应骄本来安安分分地在采蘑菇,正想唤常乐颜过来帮忙装一点,眼前就出现了几个黑衣人。
这装束和之前来探查的几位保镖一模一样,这些人称他们是常乐颜派来接自己的,因为在这边找到了妹妹类似的病例,对方已经痊愈,想和他一起去拜访。
这确实也是此次远渡重洋的目的之一,而且常乐颜那非常人的思维,或许真能做出来抛下其他人的事情,应骄差点就信了。
当他拿出对讲机准备联系常乐颜问问情况时,却猝不及防地被他们捂住了口鼻。
再度醒来天已是大亮,不过屋裏一片灰暗,只能从屋顶的缝隙中看到外面的亮光。
现在的情况不太好,据观察他应该是处于一个废弃的仓库裏。他坐在凳子上,身体都被麻绳绑着,嘴巴裏也塞着东西。
可能是以这个姿势睡了一晚上,浑身都很酸痛。又饿又渴,想抬起一根手指试试能不能挣脱开,都没有任何力气。
什么情况,他这是被绑架了吗。
因为什么,他们以为自己是小岛的主人肯定很有钱?明明这八个人裏就自己最穷,常乐颜真是害得他好苦。
若是绑匪们要钱,不管是多么天价的数字他们肯定会送过来——应骄也不知道为什么自己如此笃定。
可自己又会欠他们,而且初来乍到也不清楚这边的情况,有些绑匪收了赎金没准也会撕票。
要是在国内该有多好,哪会像这样处处掣肘。
应骄舔了舔干燥的唇瓣,摇晃着身体让椅子发出嘎吱嘎吱的声音,来表明自己醒了。
不管怎么样还是先看看对方都是一些什么人,假如真是穷凶极恶之徒,那说明自己的命就到这了,何必再做无谓的挣扎。
正思索间,外面就射进来了一束光,照得他瞇起眼睛。朦胧中他看见在光晕裏走来了一个人,就是看不清面容。
“来看看这是谁,”对方轻佻地拍了拍他的脸,粗粝的拇指在皮肤上不停摩挲,“是我们的女神娇娇啊,可是女神怎么剪了短发呢?”
应骄不由地一抖,终于见到了对面人的模样——何亚峰!
看到对方眼睛裏流露出的惊恐之色,何亚峰满意地笑了:“想不到吧,我还有东山再起的一天。”
“唔唔。”应骄想说什么但发不出声,干脆闭上了眼睛。
原来是他,倒是自己错怪常乐颜了。
当初要不是想茍活,也不会没有对他赶尽杀绝。

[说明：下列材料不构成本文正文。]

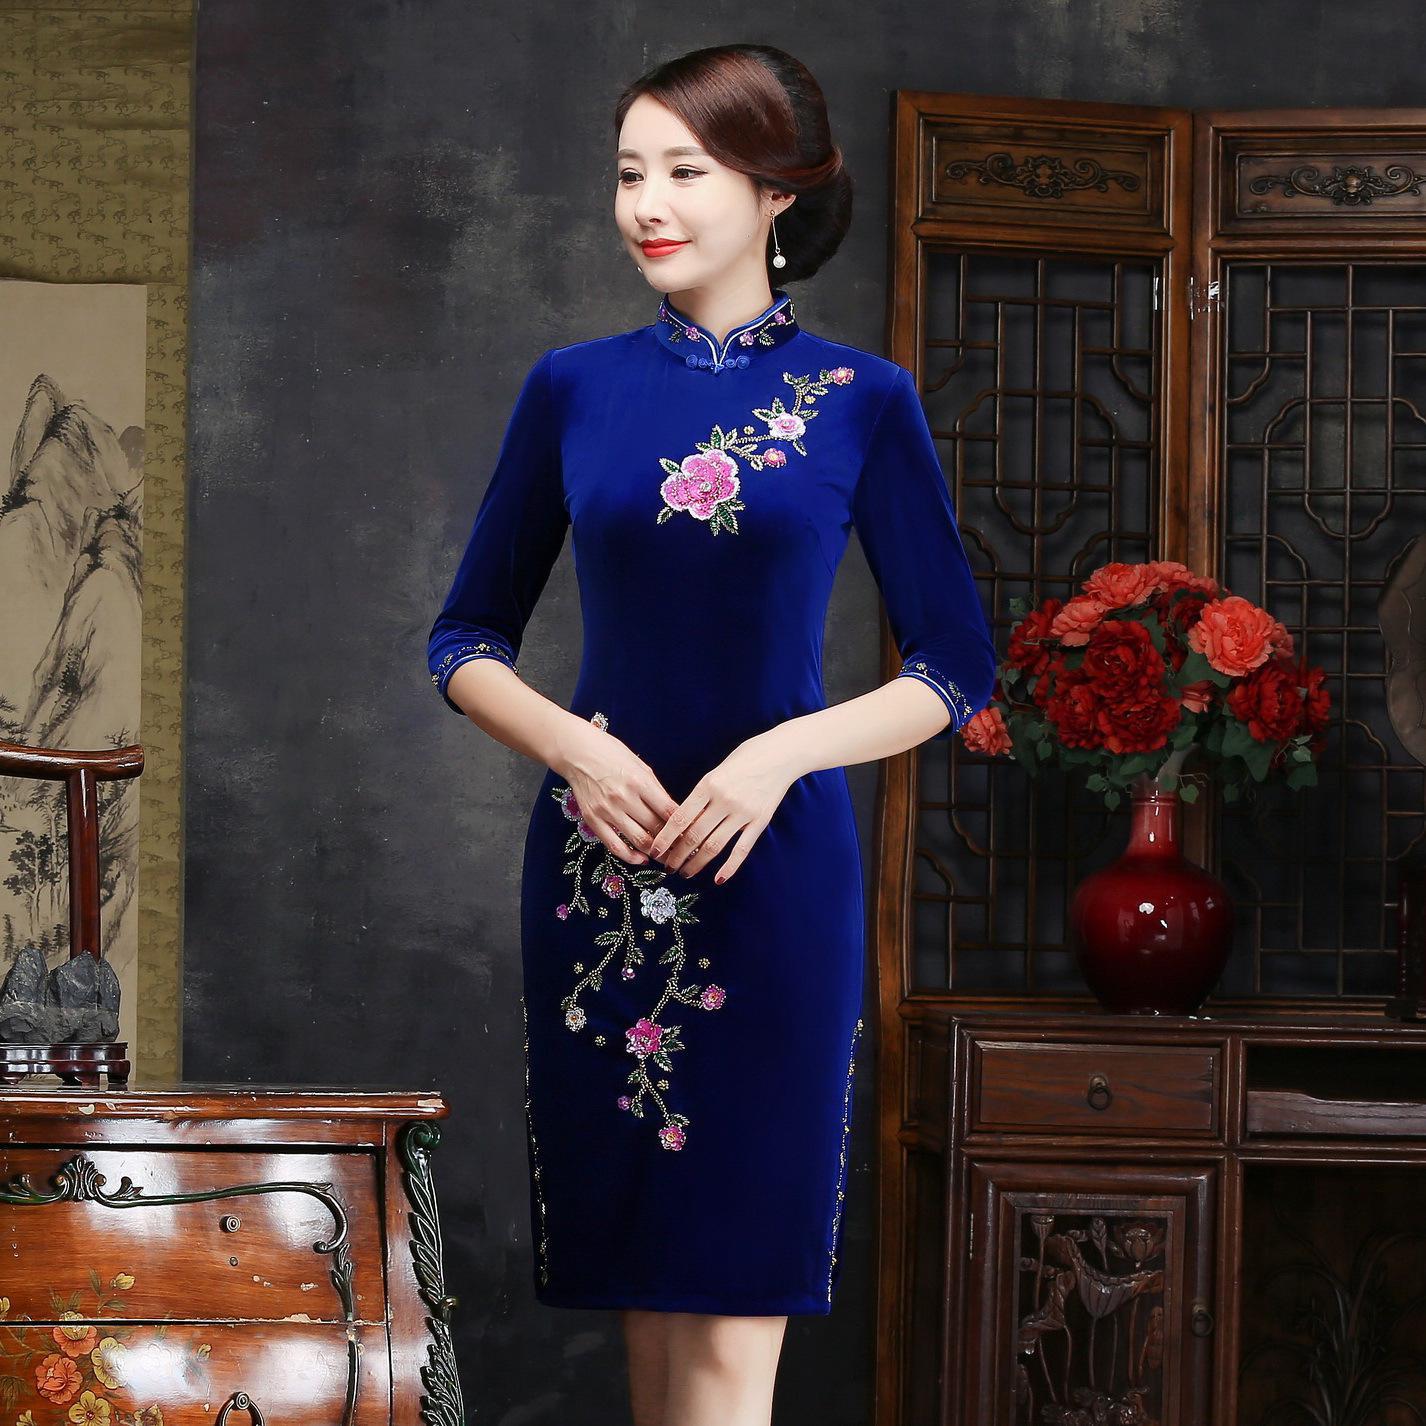 Осень зима для женщин вышивка Qipao пикантные высокие разделение Cheongsam Oversize 3XL 4XL Винтаж ручной работы и пуговицы платье Vestiidos - Цвет: Blue Short

现在他卷土重来,怪不得任何人。自己一生悲惨都由对方而起,这就是他摆脱不了的宿命。
想来自己出事,那几个人应该也能照顾好妹妹。与其受对方侮辱,倒不如共赴黄泉!
应骄挣扎着起身,猛地向对方撞过去。眼看两人就要一起血溅当场,又要几人从门口冲进来拉住了对方。
受惯性影响应骄也没停下动作,直接撞到了墻壁上,凉而粘稠的液体从他头上汩汩流了下来。
不过看这情况就算没人制止,他们也不会命丧当场。
他再次痛恨起自己单薄的身体,要换成一个壮汉不是分分钟的事。